Continue this sequence:
0,1,1,2,1,2,2,3,1,2,2,3,2,3,3,4,1,2,2,3,2...
Starting at the left, as you add terms, when and how big is the largest proportion of each number? For example 3 of the first 5 terms are 1s.
Show that as the sequence is continued indefinitely, no number appears with a proportion greater than 0.

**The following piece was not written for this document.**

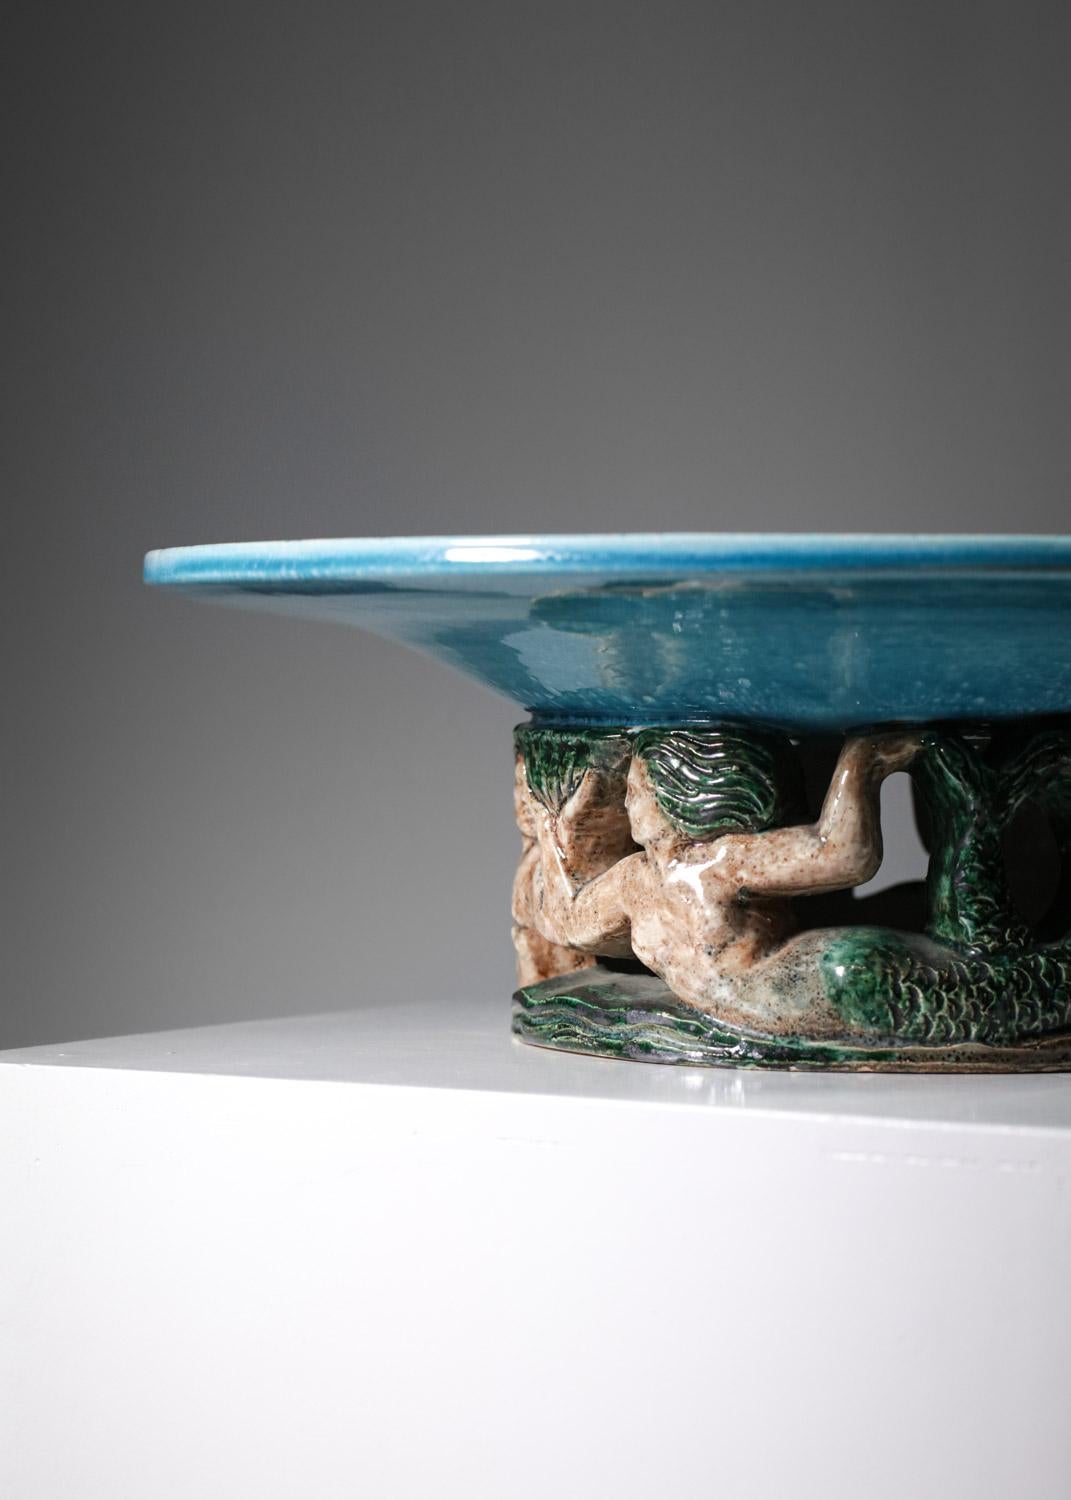 Große Art-déco-Keramikschüssel aus den 30/40er Jahren, hergestellt von dem französischen Keramiker Robert Meynard. Sehr schönes Detail der Basis mit den Zeichen der durchbrochenen Meerjungfrauen. Emaille in blauen, grünen und beigen Farbtönen. Sehr

The sequence is Sloane's OEIS's A000120 (http://oeis.org/A000120), the number of 1's in n when n is expressed in binary.
DEFDBL A-Z
maxbit = 20
DIM bit(maxbit)
DIM hiPos(maxbit), hiProp(maxbit), numCt(maxbit)
FOR n = 1 TO 2000000
FOR bPos = 0 TO maxbit
IF bit(bPos) = 0 THEN
bit(bPos) = 1
bitCt = bitCt + 1
EXIT FOR
ELSE
bit(bPos) = 0
bitCt = bitCt - 1
IF bPos = maxbit THEN PRINT "*****": END
END IF
NEXT bPos
numCt(bitCt) = numCt(bitCt) + 1
ratio = numCt(bitCt) / (n + 1) ' +1 to account for zero
IF ratio > hiProp(bitCt) THEN
hiPos(bitCt) = n
hiProp(bitCt) = ratio
END IF
NEXT n
FOR i = 1 TO maxbit
PRINT i, hiPos(i); hiProp(i)
NEXT
The above was run twice: the first time with the limit of n as 1000000 instead of 2000000, and the second time with the 2000000:
# of 1's N fraction at this N (the max)
1 2 .6666666666666666
2 12 .4615384615384616
3 52 .3584905660377358
4 212 .3004694835680751
5 852 .2637749120750293
6 3432 .2382755607340518
7 13736 .2191890514668414
8 55976 .2041552780606321
9 223912 .1918825615305945
10 895656 .181605235039753
11 998696 .1601106241432587
12 999248 .1161822528719068
13 999376 .068123440903683
14 999408 3.177177712027809D-02
15 999416 1.150670841100362D-02
16 999420 3.117805209216136D-03
17 999422 5.943429358739993D-04
18 983038 7.12077547279406D-05
19 983039 4.069010416666667D-06
20 0 0
Note the exponential D notation used for the smallest numbers, representing the negative powers of 10.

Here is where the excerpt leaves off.